In 1884 Toledo joined the American Association, a professional baseball league now considered a major league by most baseball historians. When the Toledo club was admitted to the league it brought Walker, their regular catcher, into the league. He was a fair singles hitter whose .263 average that year was 23 points above the league average. He was fine bare-handed catcher with a strong arm, and a fast and daring baserunner.
Walker made his major league baseball debut on May 1, 1884 versus the Louisville Eclipse. His brother, Welday Walker later joined him on the team, playing in 6 games.
Walker had his only major league season interrupted by a July injury, played sparingly thereafter, and was released in September. Toledo folded following the season, and Walker played the next two seasons in weaker minor leagues. He joined Newark of International League in 1887, forming, with star George Stovey, the first black battery in organized baseball.

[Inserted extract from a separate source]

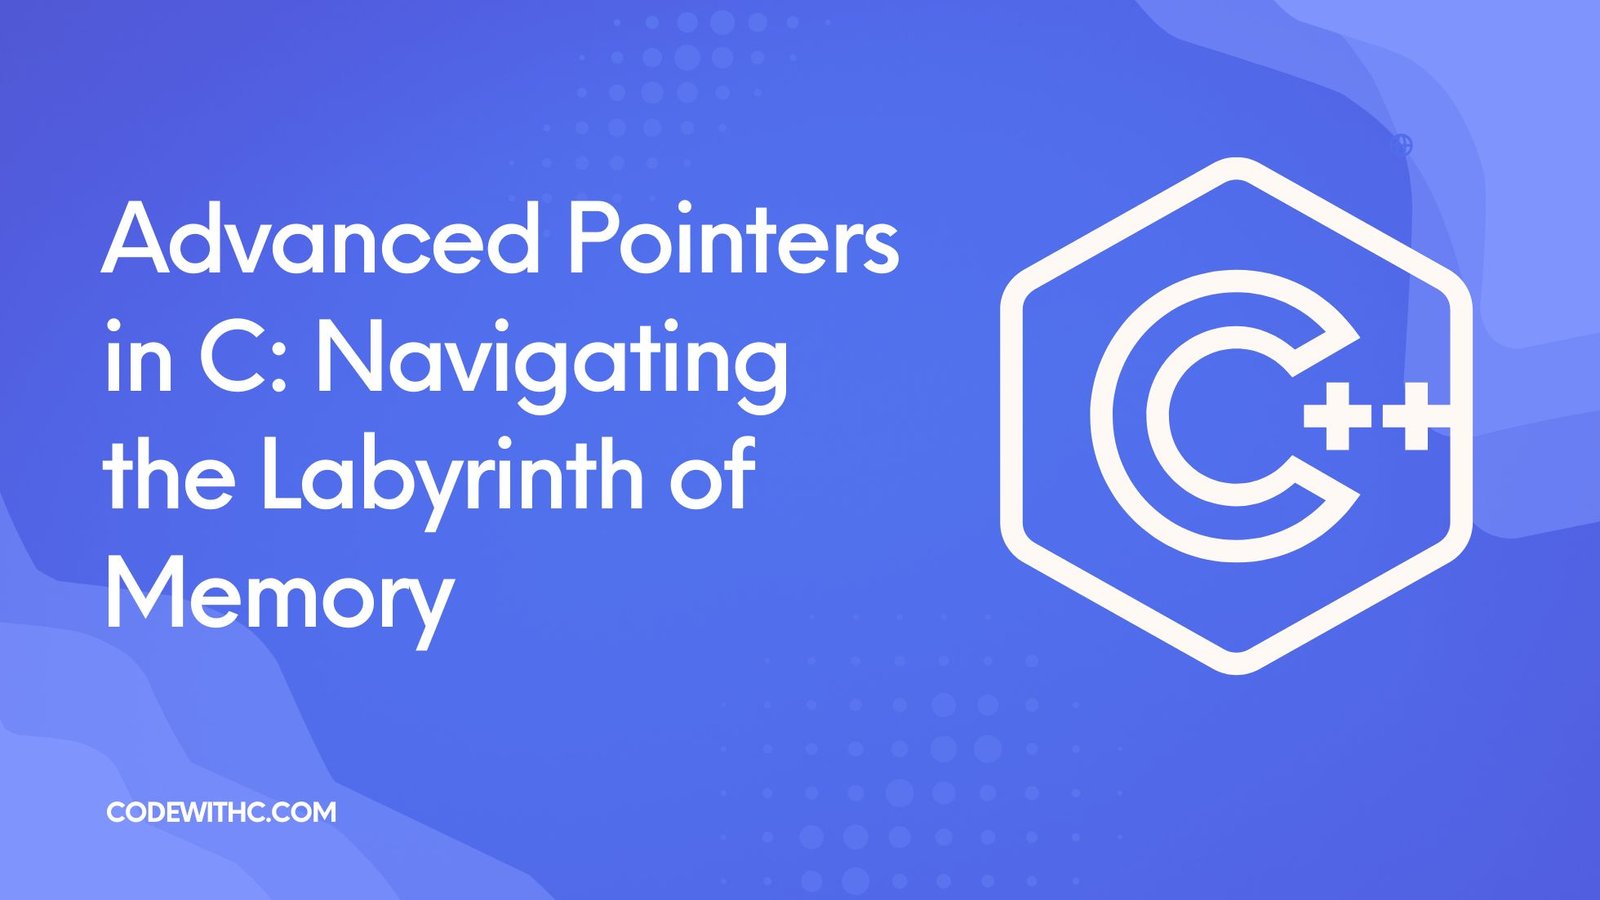 Advanced Pointers in C: Navigating the Labyrinth of Memory

That July 14, Chicago manager Cap Anson prevented the two stars from playing against his team in an exhibition and led league directors to ban blacks, although this was officially reversed. Newark folded after the season, and Walker spent the next two seasons in the International League with Syracuse, helping them to the championship in 1889, his last season.

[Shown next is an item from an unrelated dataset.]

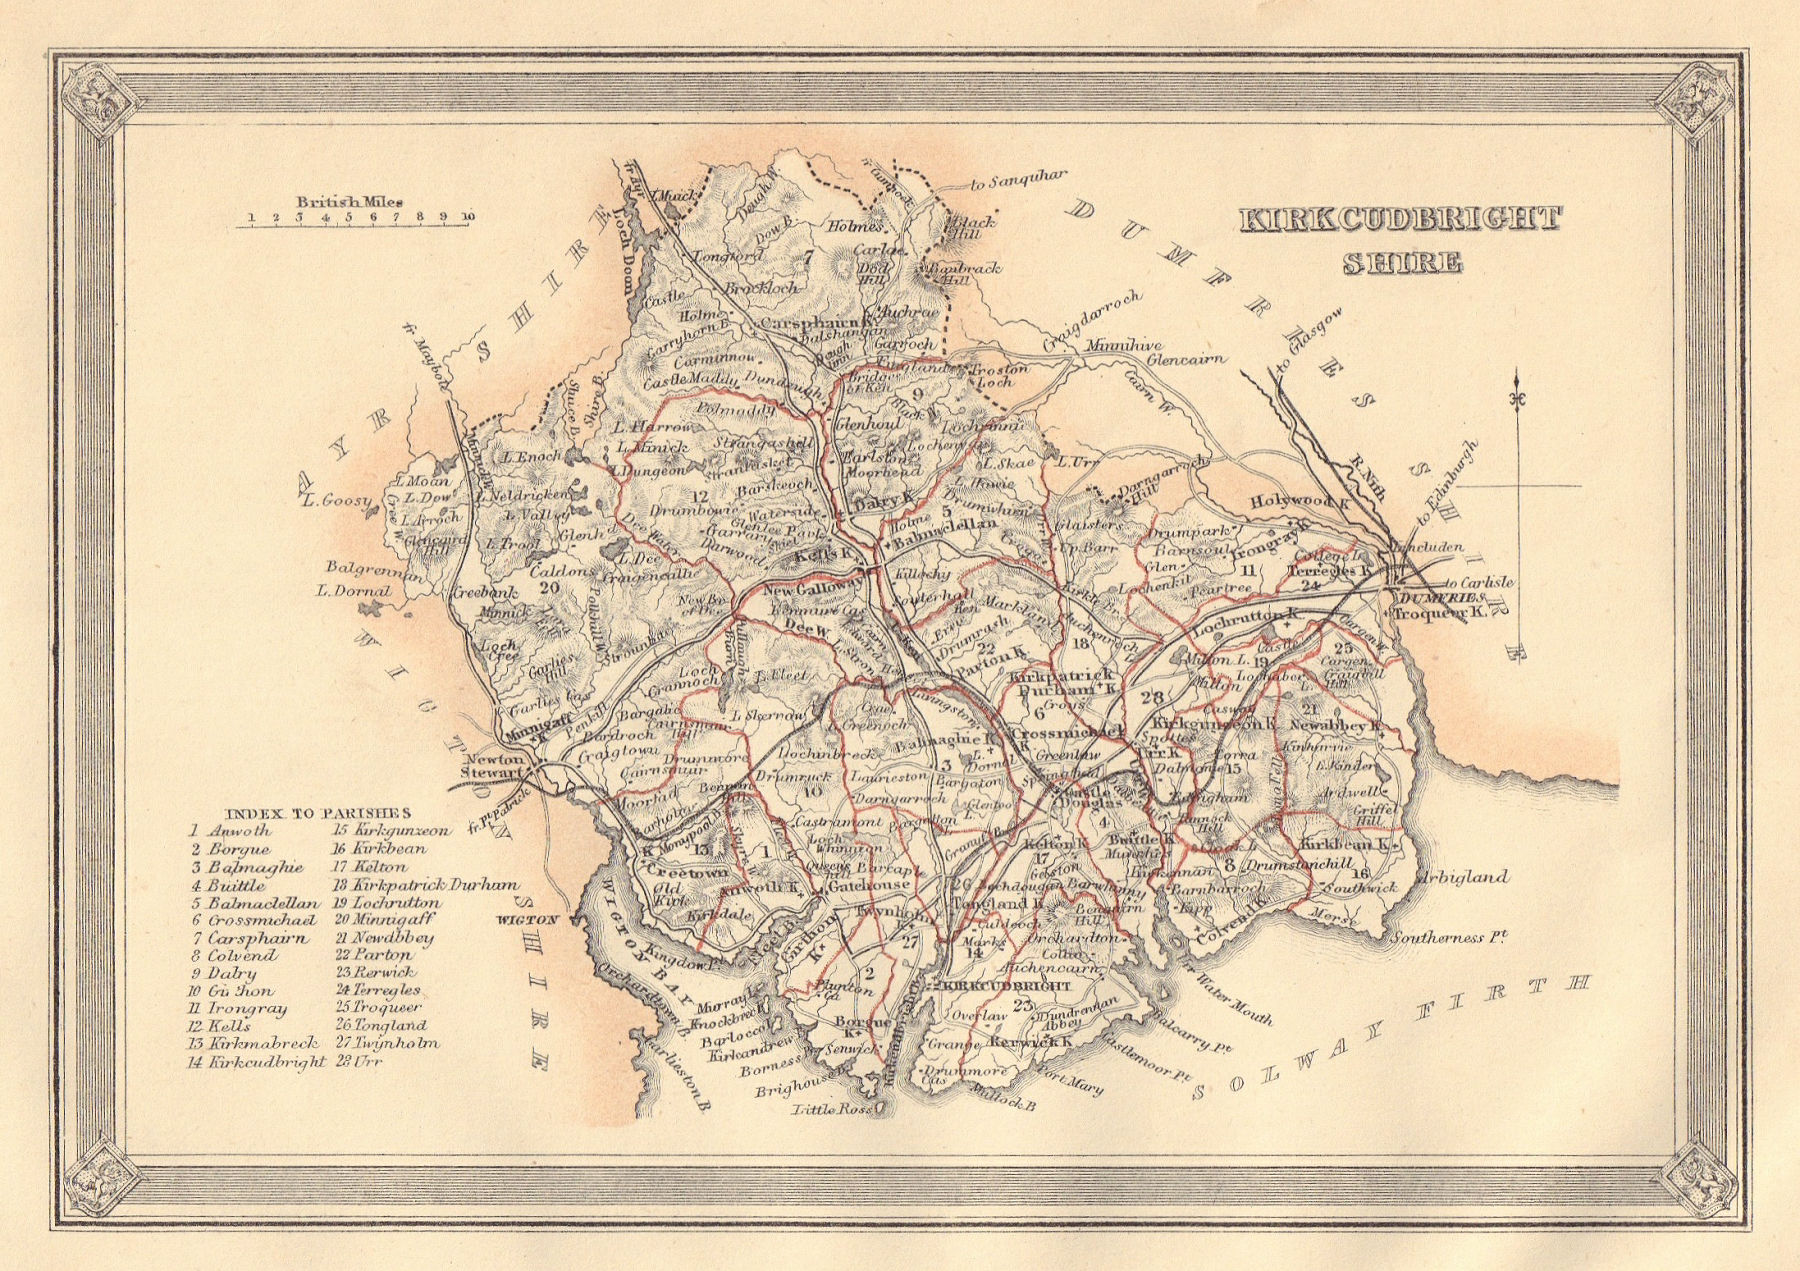 Associate Product Decorative antique county map of Kirkcudbrightshire. FULLARTON 1866 old

Shortly thereafter, the American Association and the National League both unofficially banned African-American players. Baseball would remain segregated until 1946.

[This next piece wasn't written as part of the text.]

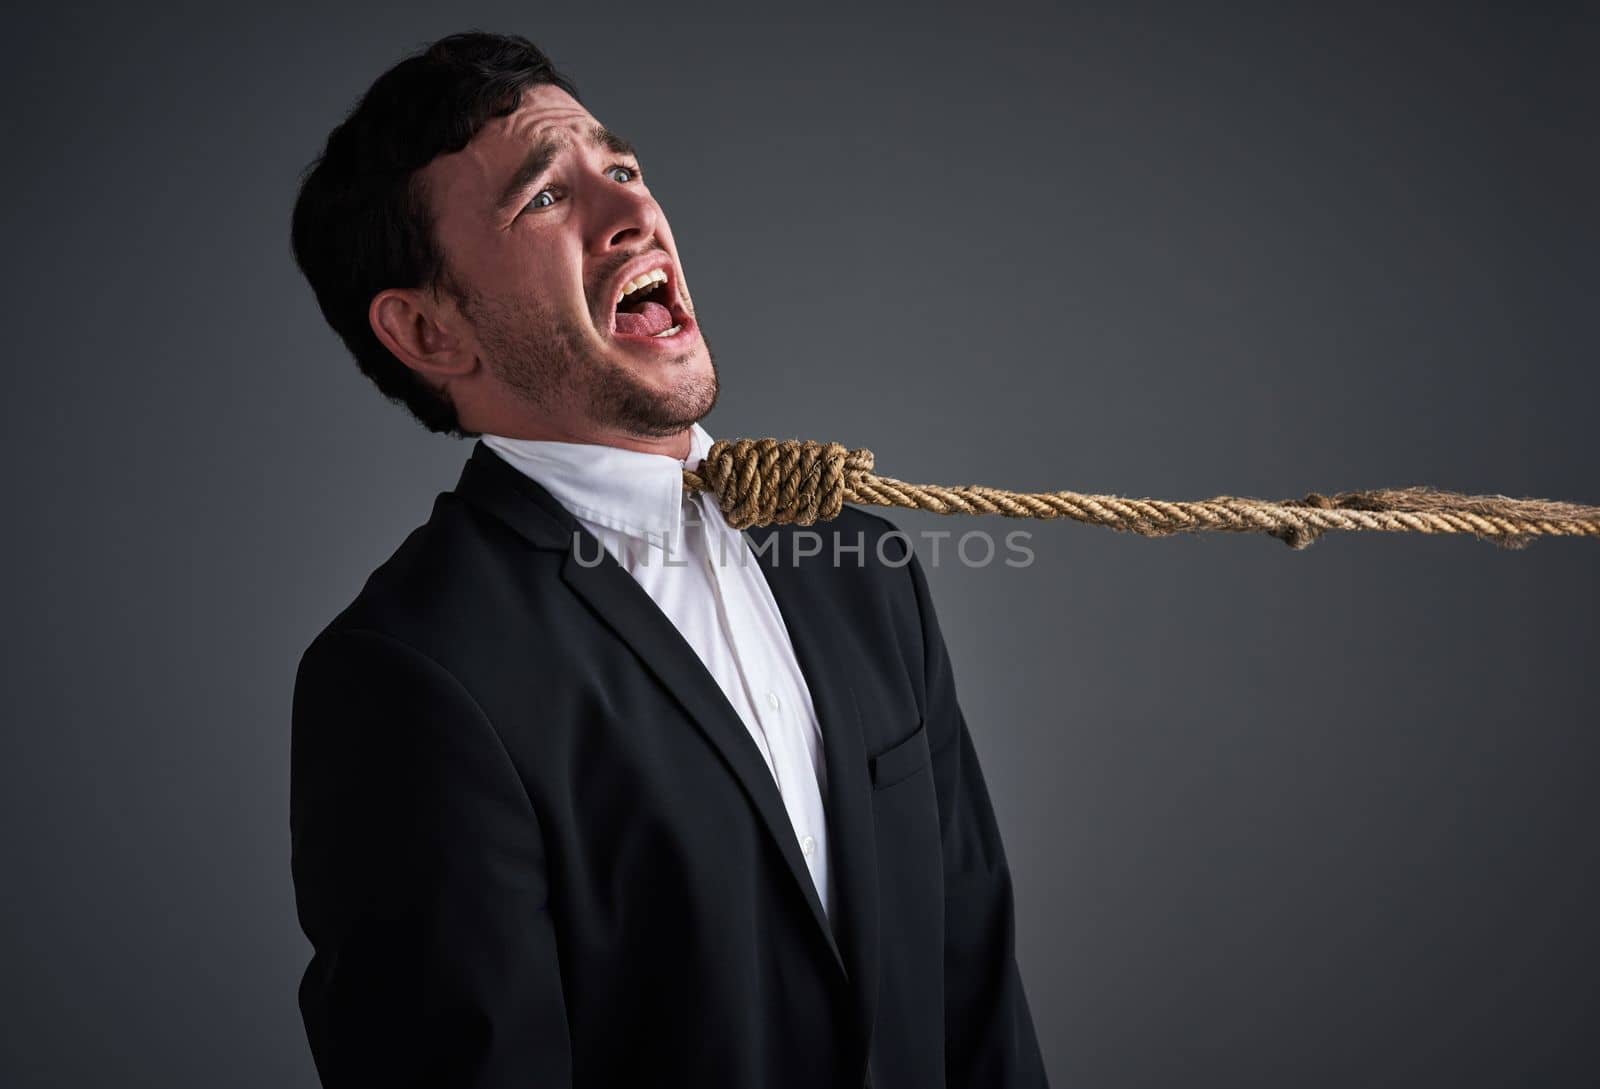 Is stress killing your career. Studio shot of a young businessman being pulled by a hangmans noose against a gray background

Walker was attacked by a group of white men in Syracuse, New York in April, 1891. Walker stabbed and killed a man during the attack. Walker was charged with second-degree murder and claimed self-defense. He was acquitted of all charges on June 3, 1891.
Later in life, after leaving baseball, he became a businessman, inventor, newspaper editor, and author. Embittered, he became an advocate of racial separation, supporting a “back to Africa” policy for American blacks.
In 1908 his book Our Home Colony advocated black emigration to Africa as the best response to increasing racial intolerance.
He warned, quote, “The Negro race will be a menace and the source of discontent as long as it remains in large numbers in the United States. The time is growing very near when the whites of the United States must either settle this problem by deportation, or else be willing to accept a reign of terror such as the world has never seen in a civilized country.” Unquote.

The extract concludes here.